Objective: Nasal olfactory parts which exposed to toxic agents can cause smelling disturbance. Chlorine is a chemical substance commonly used in the textile industry, to which factory workers are exposed.
Materials and Methods: This research design was an analytic cross-sectional study aimed to compare the smelling function between textile industrial workers exposed to chlorine gas and those not exposed. The subjects were industrial workers exposed to chlorine gas and those not exposed during January until February 2013. The inclusion criteria for the chlorine exposed group were:
a) age 20-55 years,
b) worked in chlorine exposed area, and
c) agree to participate in the study, while the not exposed group worked in the free chlorine area.
Exclusion criteria were:
a. suffered from rhinitis,
b. history of head and nose trauma,
c. history of rhinoplasty,
d. history of smoking, and
e. suffered from nasal tumor.
All samples smelled using camphora, carbon disulfide, vanilla, menthol piperate, ether, capsaicin as standard tool in odor-free rooms. The statistical analyses used X2 tests.

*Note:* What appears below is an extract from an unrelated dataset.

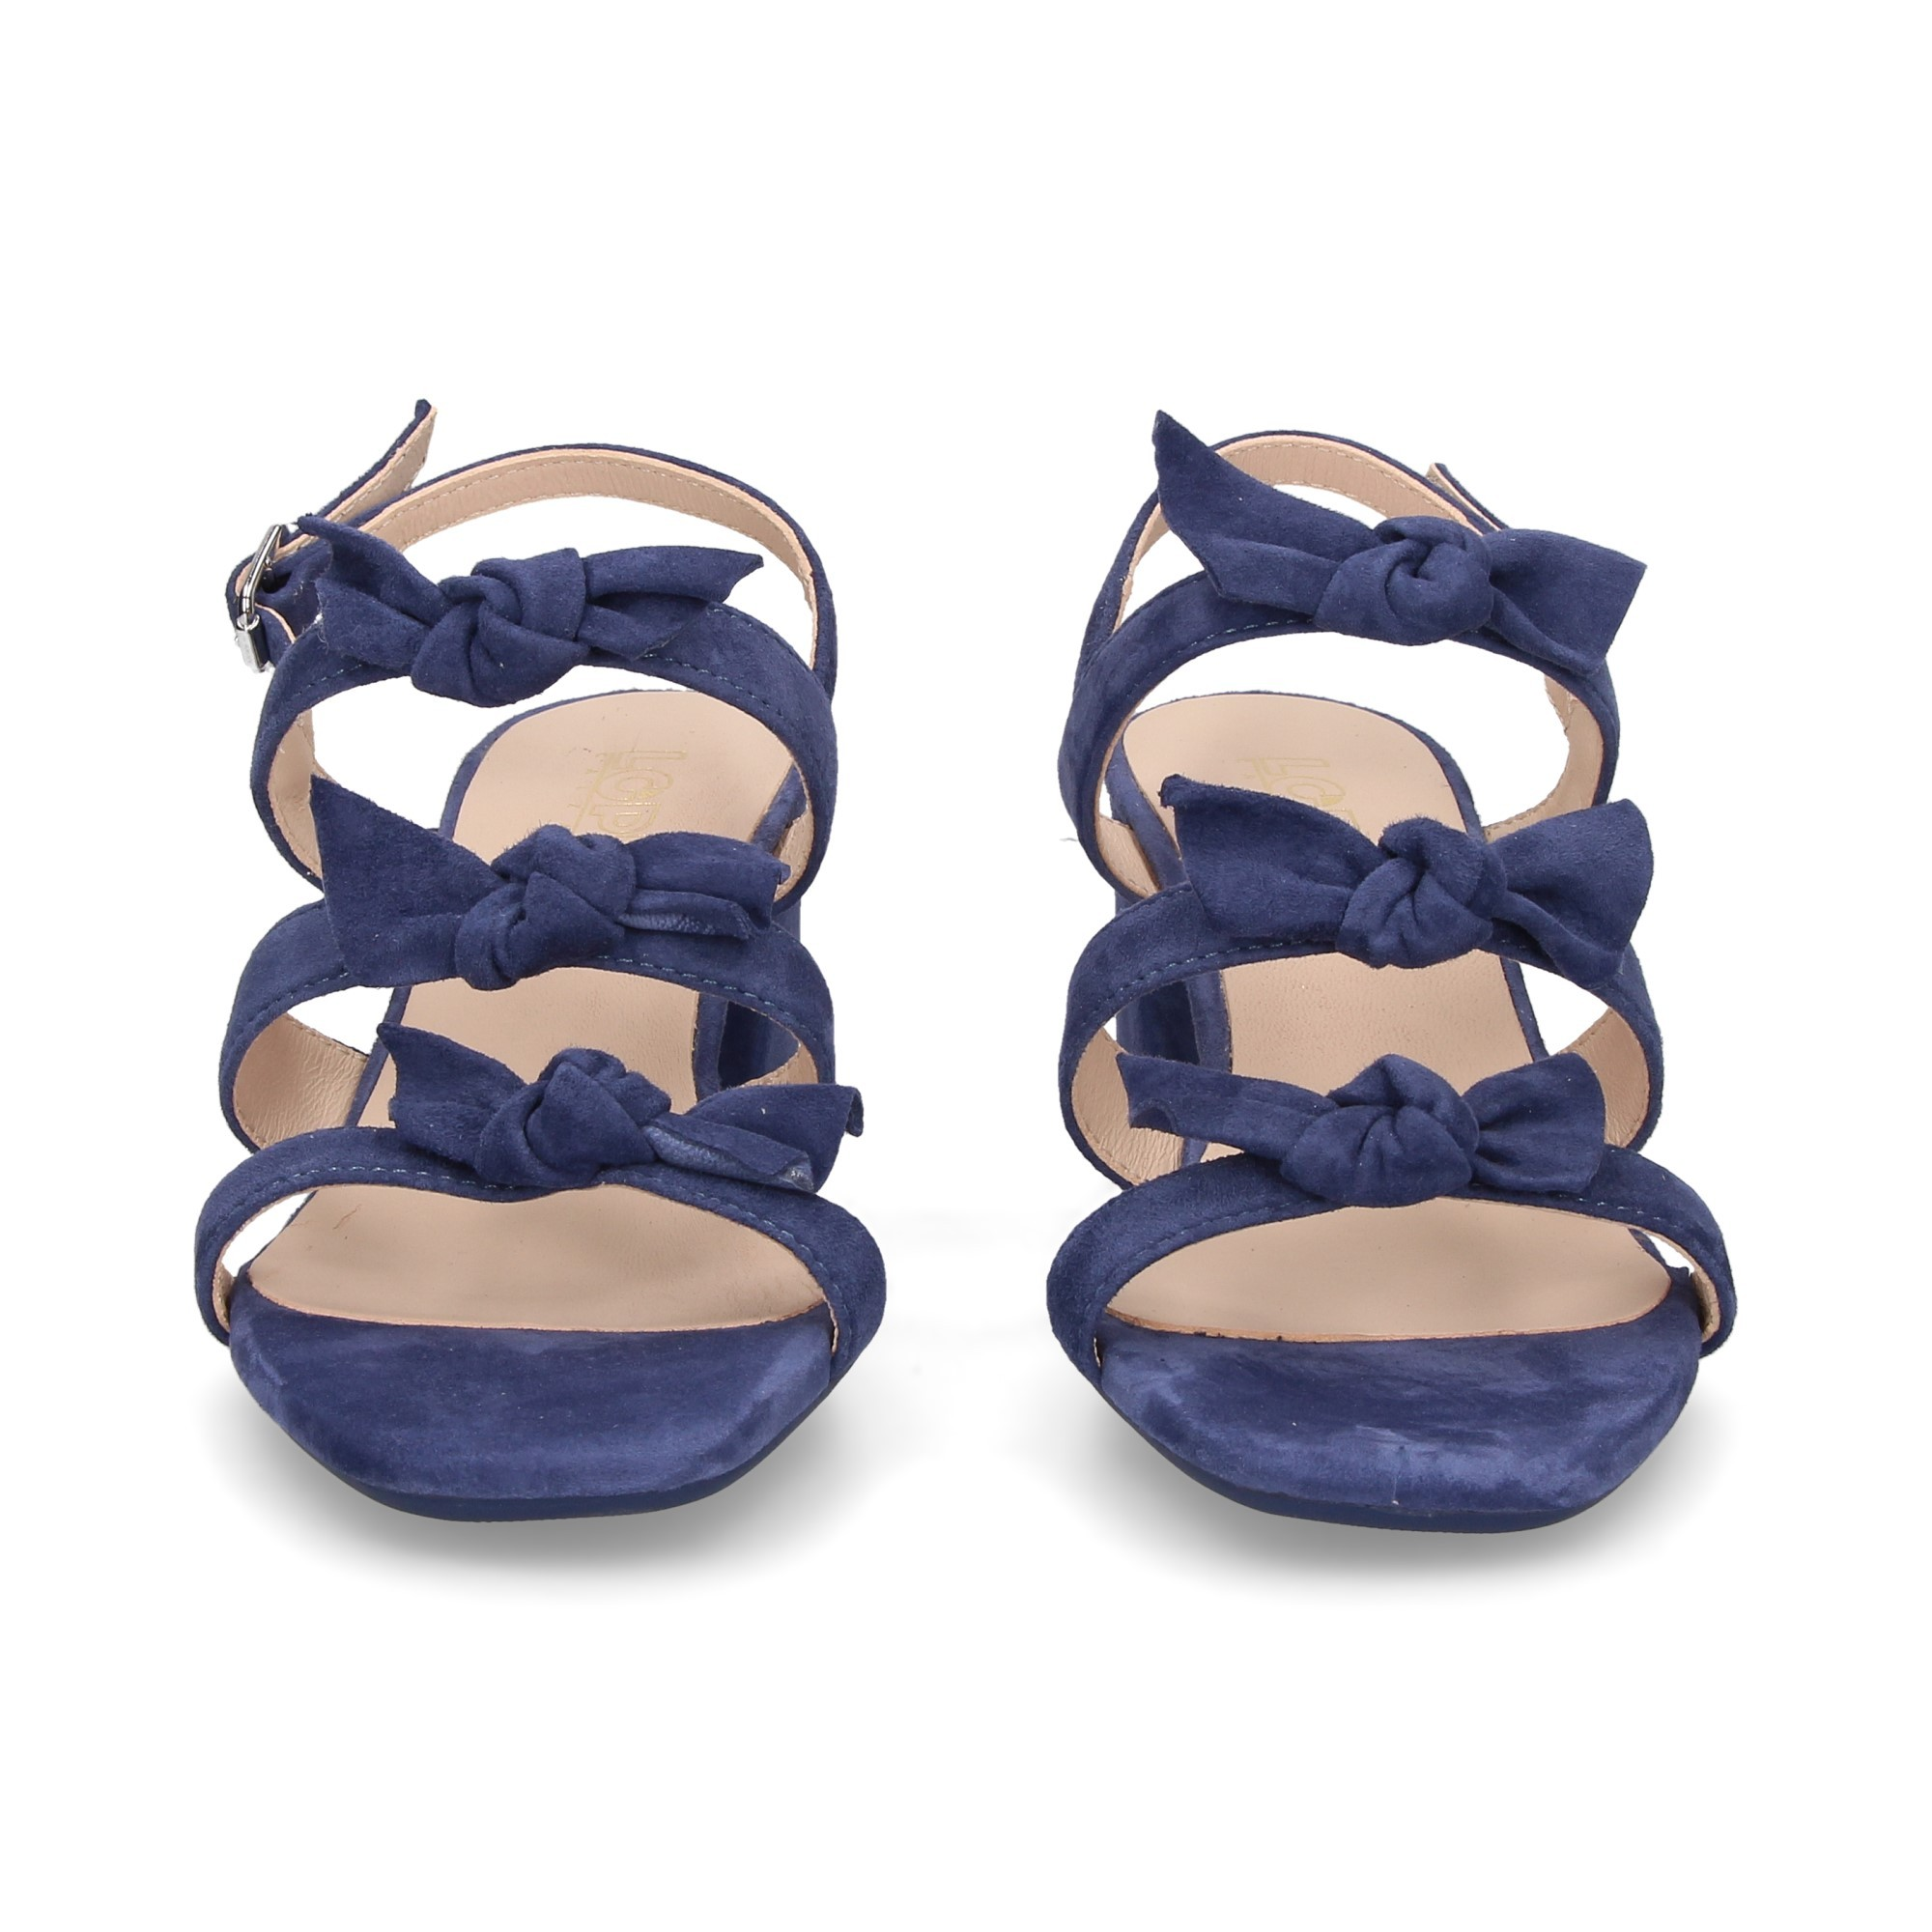 sandalia-3-tiras-lazo-ante-azul
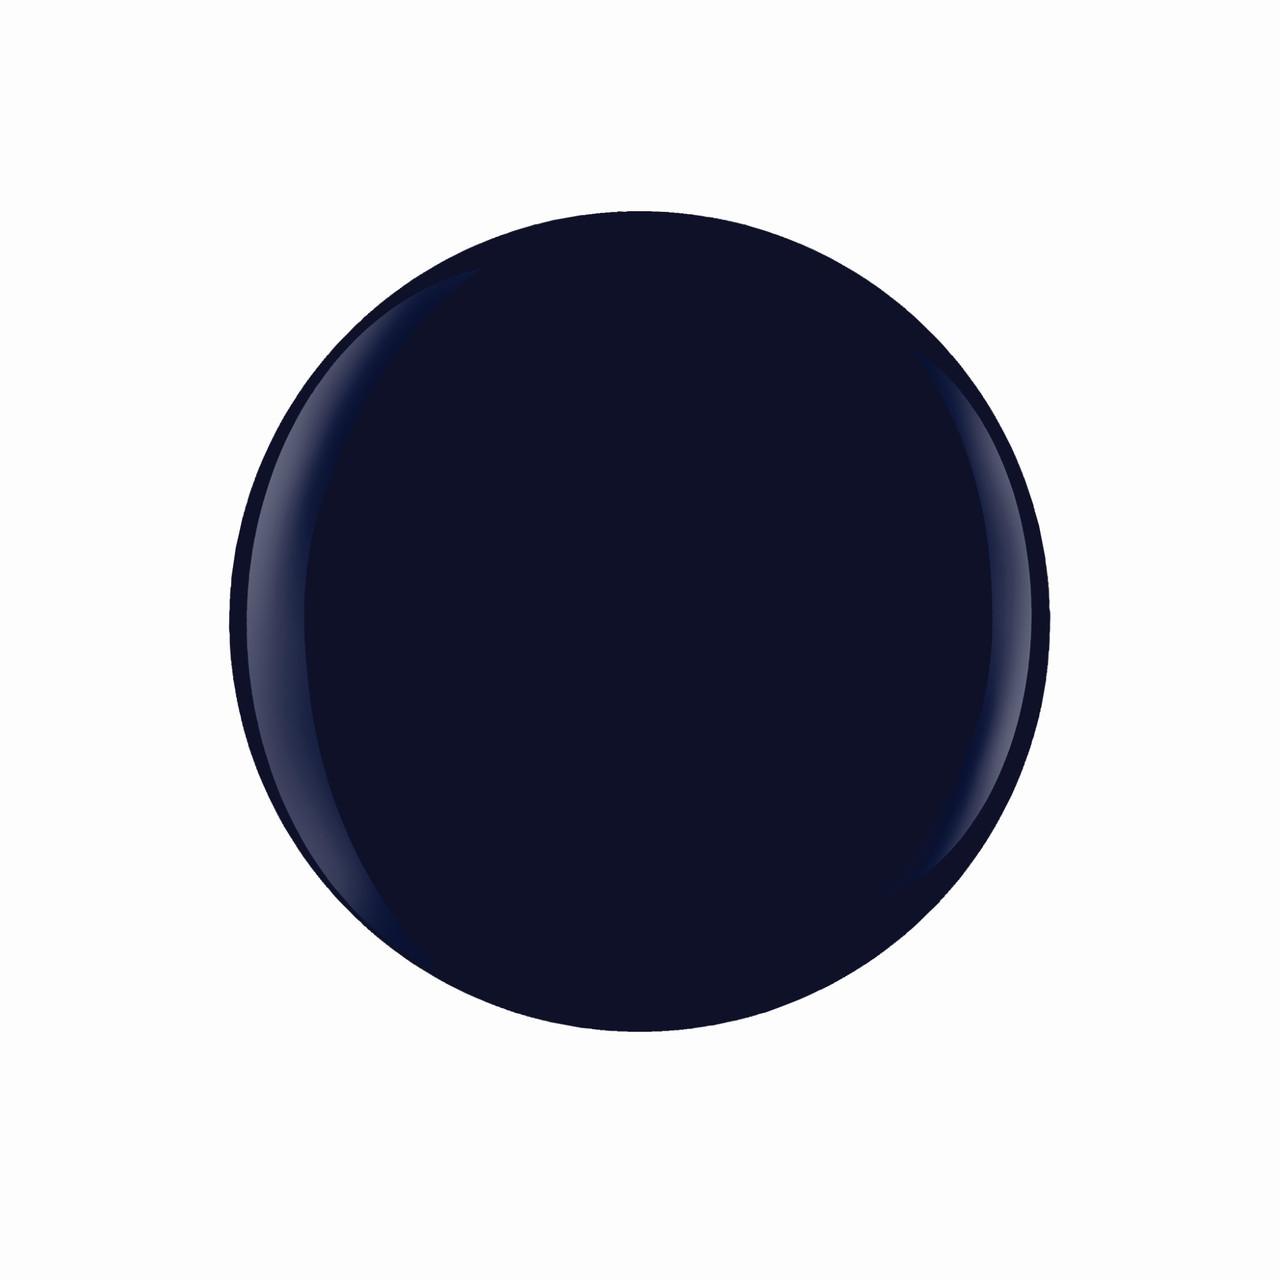 "Gelish Xpress Dip ""Laying Low"" - Rich Navy Blue Crème - 43g   1.5 oz."

Results: There were 80 workers consisting 40 worker each group. From the exposed group found 10 (25%) with the smell function disturbance and 30 (75%) normal, while the unexposed group 2 (5%) the smell function disturbance and 38 (95%) normal. These results are statistically significant differences (p = 0.012; RP: 6.333; 95% CI: 1.289-31.115).
Conclusion: There was a significant difference in smelling function disturbance between workers exposed to chlorine and those not exposed to chlorine.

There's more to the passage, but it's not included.